Menno Simons on ... infant baptism

In regard to infant baptism we hold and confess, first, that it is a self-begotten rite and human righteousness; for in all the New Testament there is not a word said or commanded about baptizing infants, by Christ nor by the apostles.

Secondly, that it is a breaking and tearing to pieces of the ordinance of Christ; for he has commanded that the gospel should be preached and that those should be baptized who believe, Matt. 28:19; Mark 16:15. But here they baptize without divine command, without the preaching of the word, without knowledge, faith, repentance, new life, and without all consciousness and knowledge, yet it is called by the learned a holy, glorious work and a christian baptism and sacrament.

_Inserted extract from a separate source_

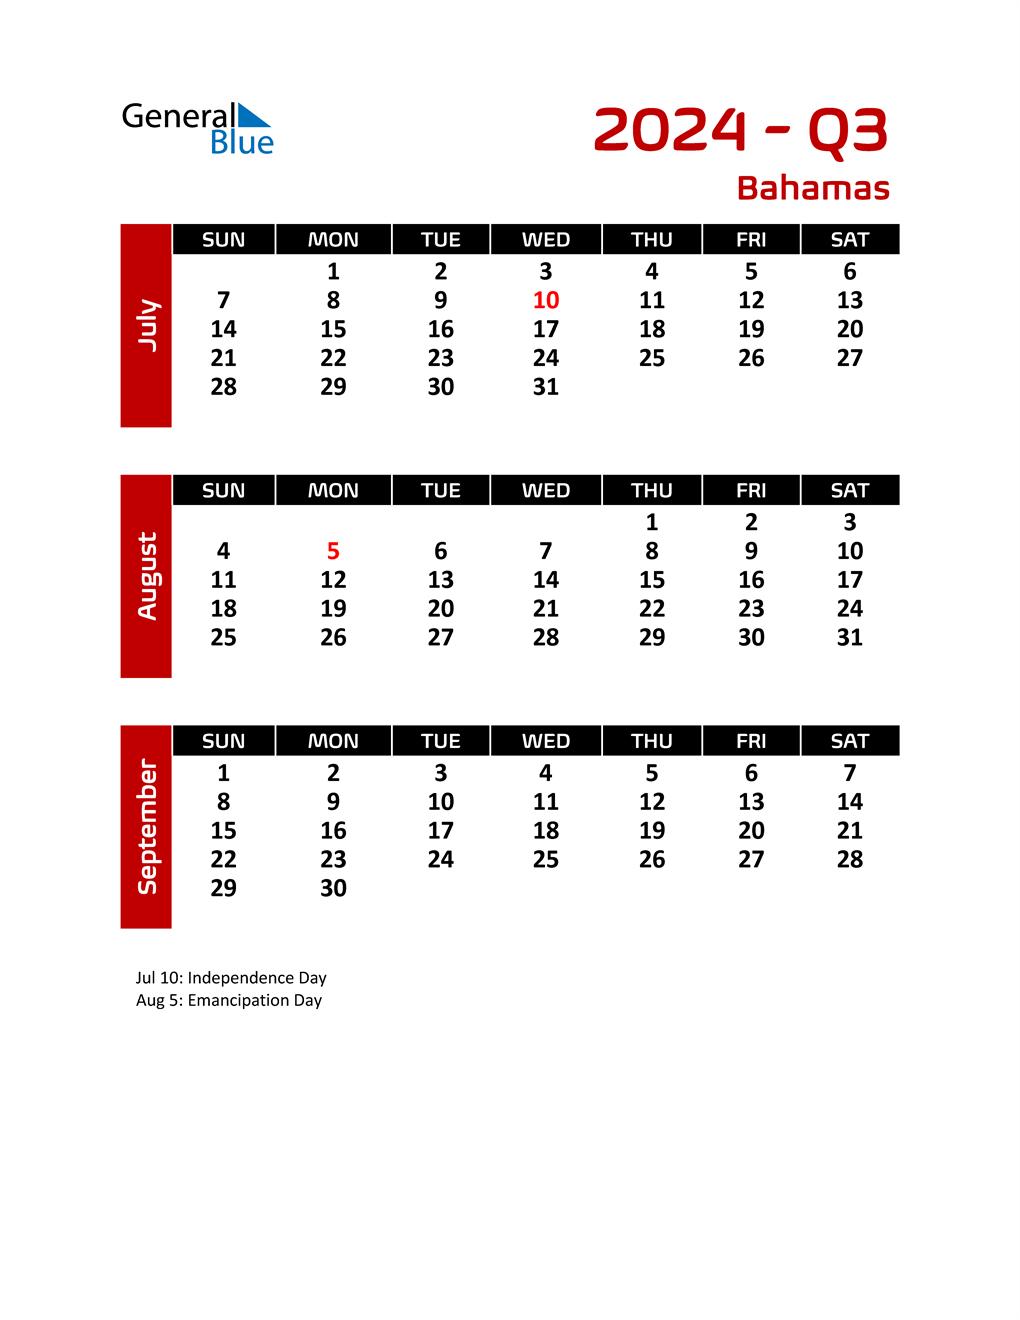 Q3 2024 Calendar with Holidays

Thirdly, that it is a vain consolation and boasting of all the unrighteous; for, although they do not understand the word of God, do not know the truth and lead a licentious, carnal life, yet they boast themselves to be baptized christians.

Since infant baptism is such a pernicious superstition that it entirely destroys the Lord's baptism, and as the poor, blind world suffer themselves to be misled and consoled therewith, and as, besides, there is connected with it such fearful blasphemy, hypocrisy, adjuration; witchcraft and abuse of the glorious name of God that a godfearing heart may well be astounded thereat, therefore it is that we so strenuously oppose infant baptism, and openly confess that it is not of God or of his word but of anti-christ and of the bottomless pit.

Luther writes in a book on "Human doctrine" that that which is not commanded of God in religious matters of faith, is forbidden." Again, concerning the 12th chapter of Genesis he says, "That we should not accept any doctrines without certain reasons from the divine word."

Daniel writes, "Worship, without the word of God, is idolatry."

Philip Melancthon, in a book on the Jurisdiction and authority of the church, says, "That all worship which is not instituted of God by his express word, is false and wrong, let it be glozed over ever so much."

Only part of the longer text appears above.